Work order » All of the data below is to be repeated exactly, except for the pictures.

-- Collected material follows --

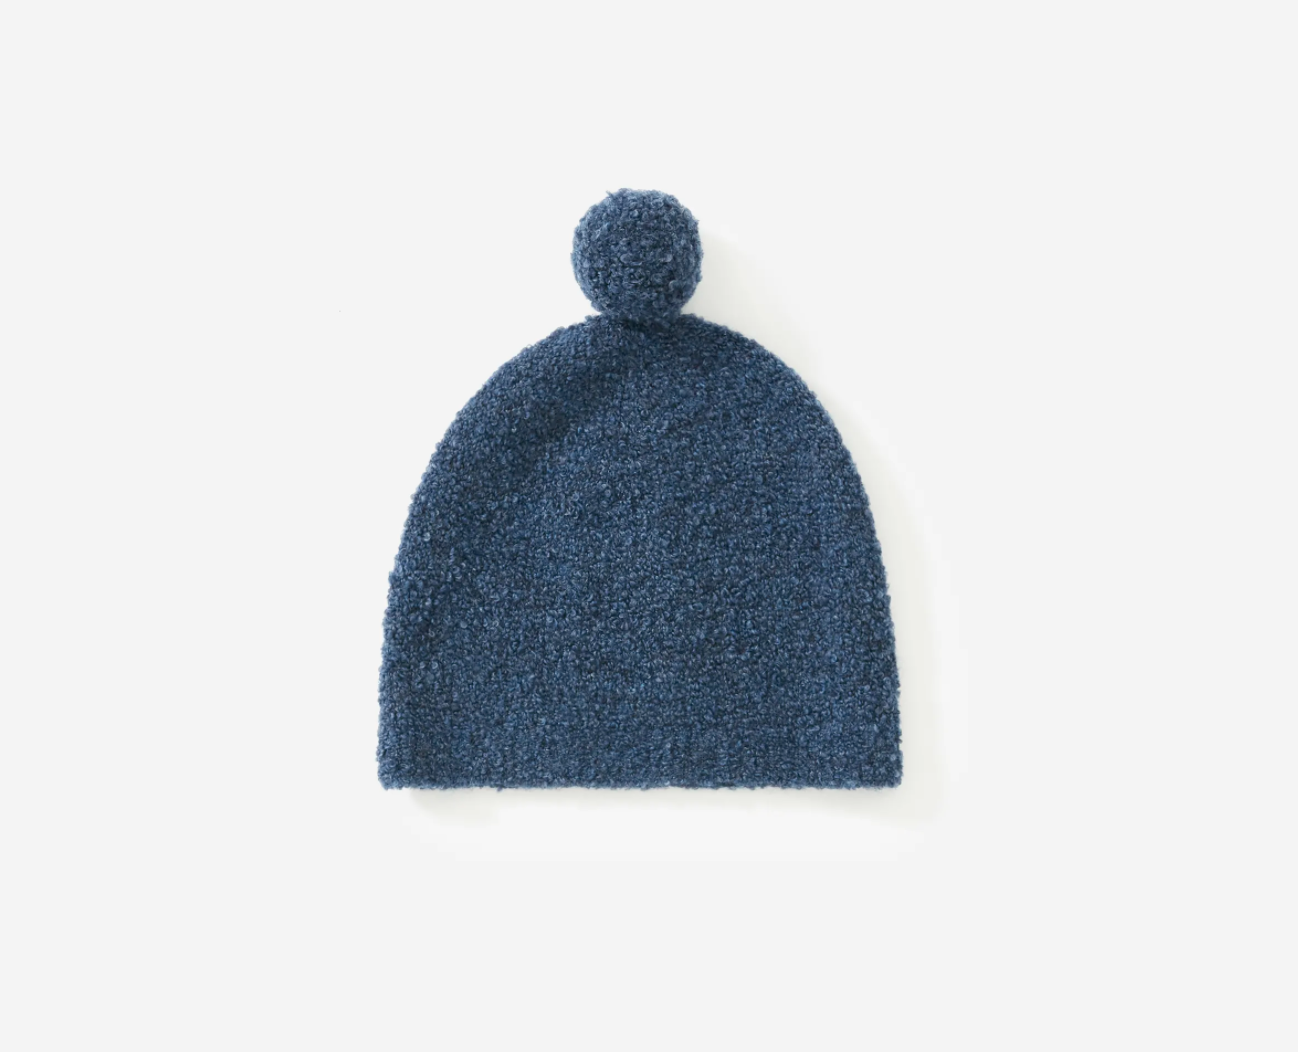 everlane winter hat, cute winter hats
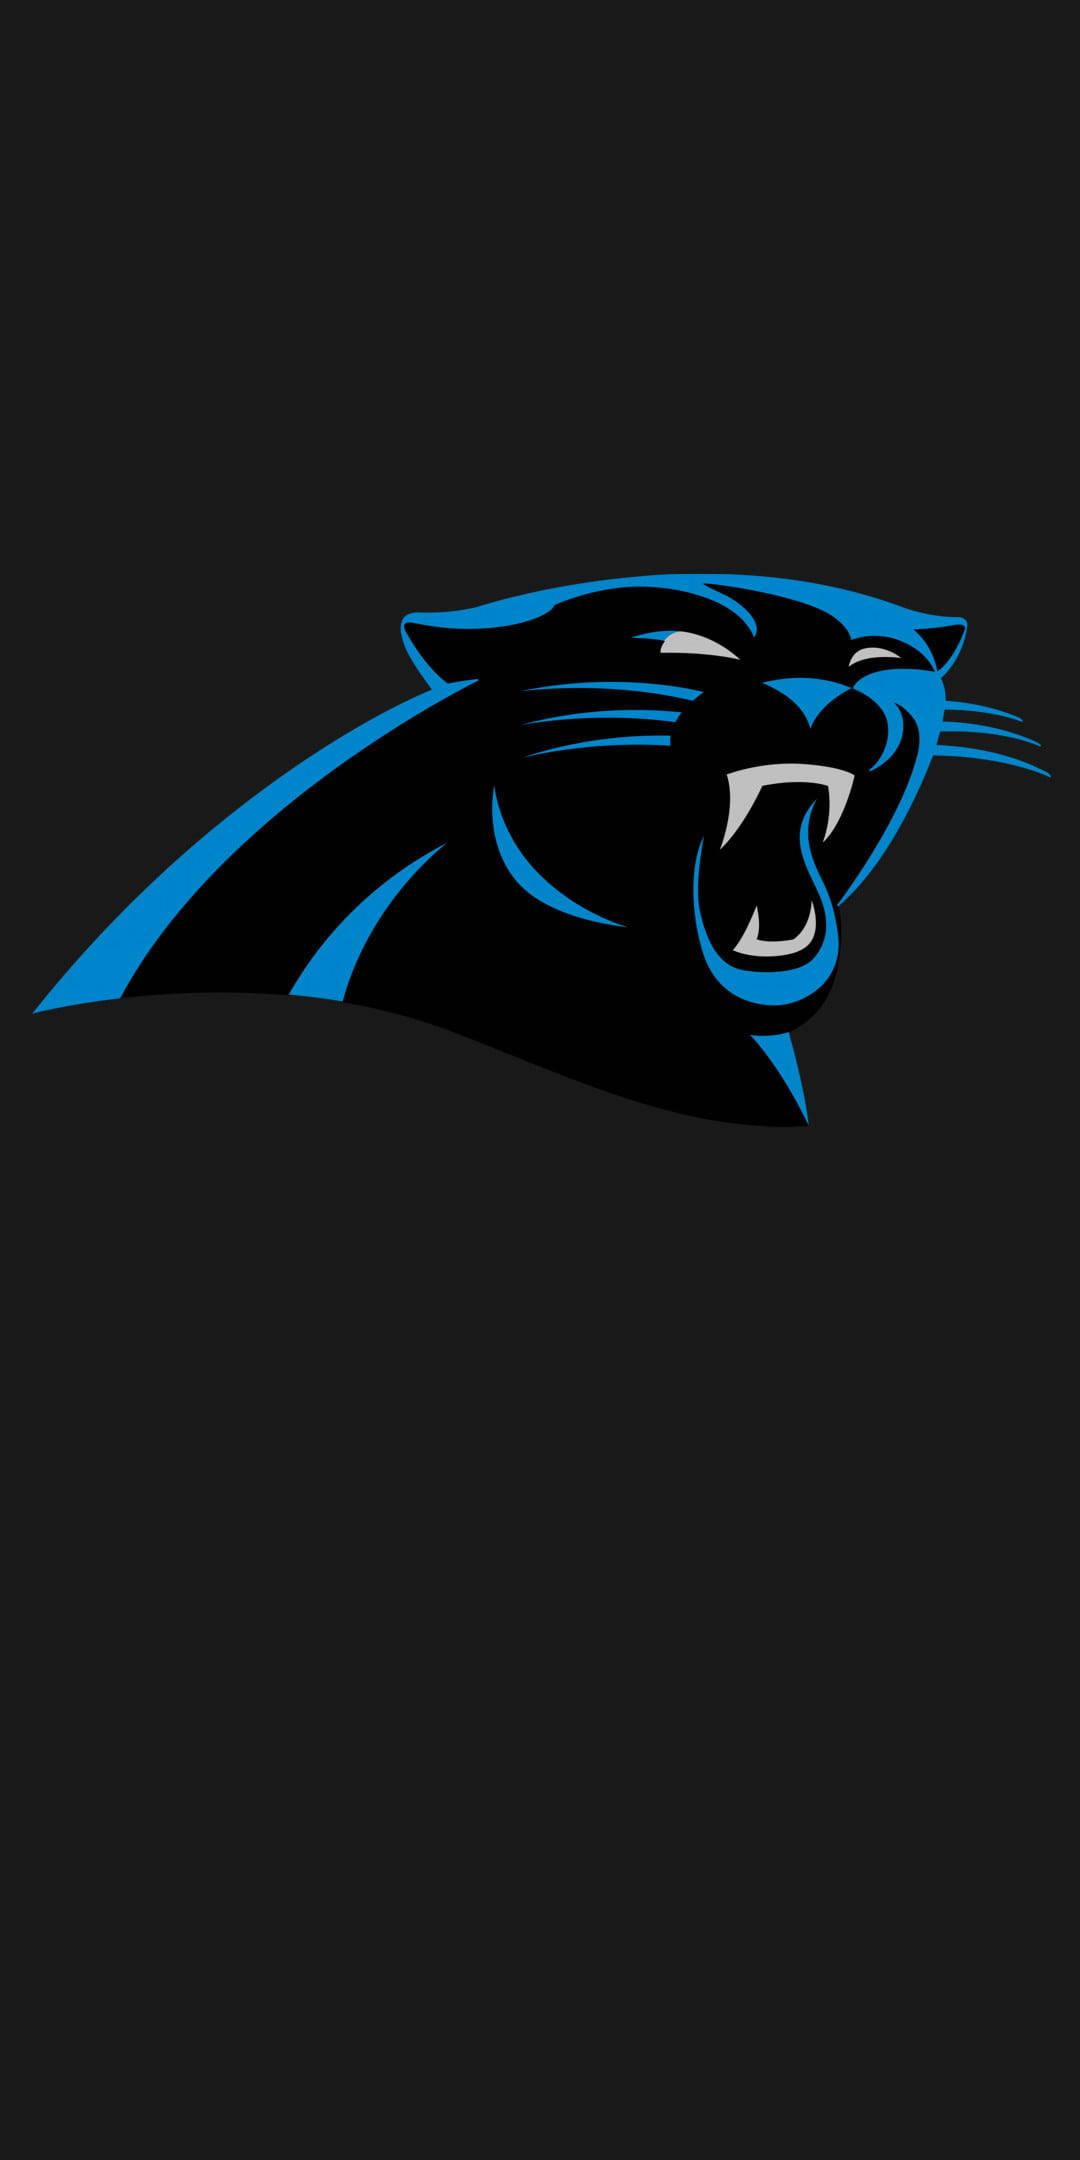 Carolina Panthers Logo For Mobile Screens Wallpaper
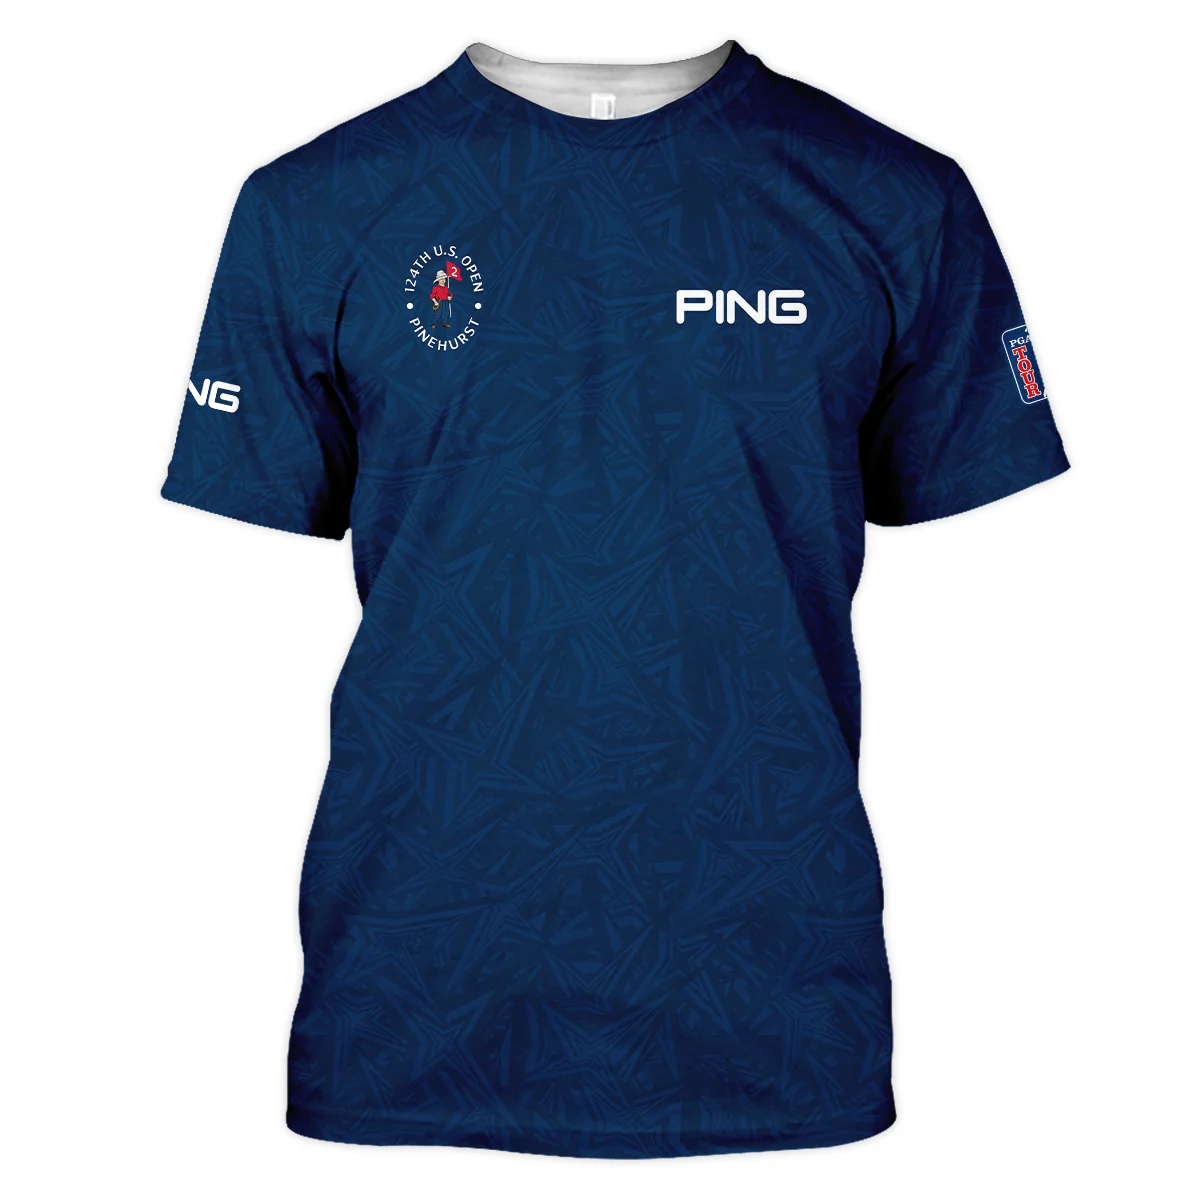 Ping 124th U.S. Open Pinehurst Stars Gradient Pattern Dark Blue Unisex T-Shirt Style Classic T-Shirt
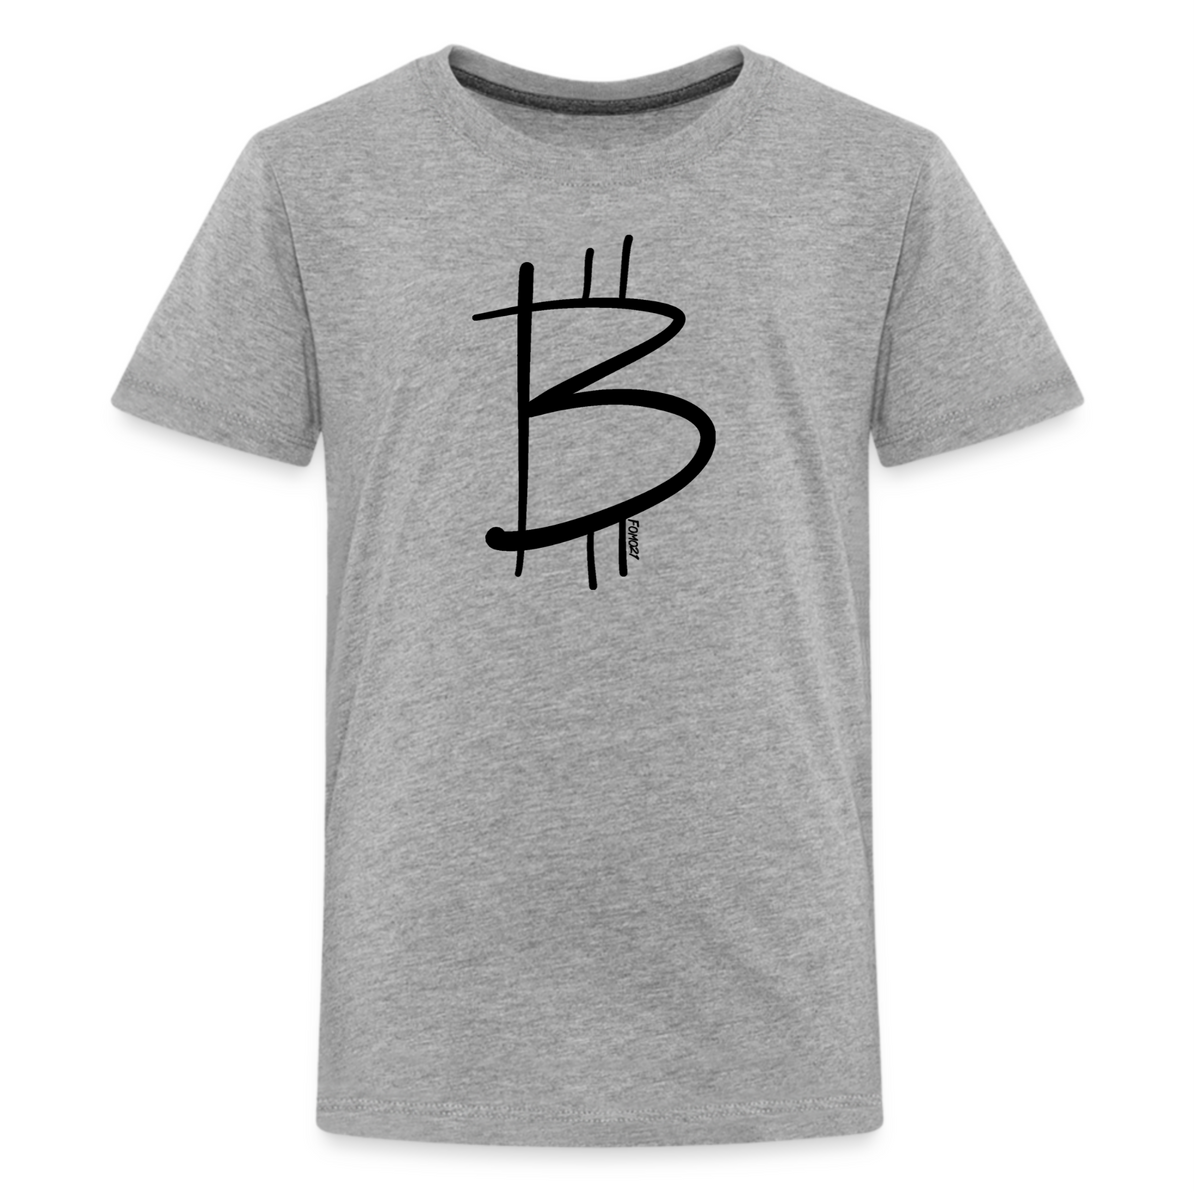 Freehand Bitcoin Youth T-Shirt - fomo21

-- Collected material concluded --

Written answer »
 everlane winter hat, cute winter hats
 Carolina Panthers Logo For Mobile Screens Wallpaper
 Ping 124th U.S. Open Pinehurst Stars Gradient Pattern Dark Blue Unisex T-Shirt Style Classic T-Shirt
 Freehand Bitcoin Youth T-Shirt - fomo21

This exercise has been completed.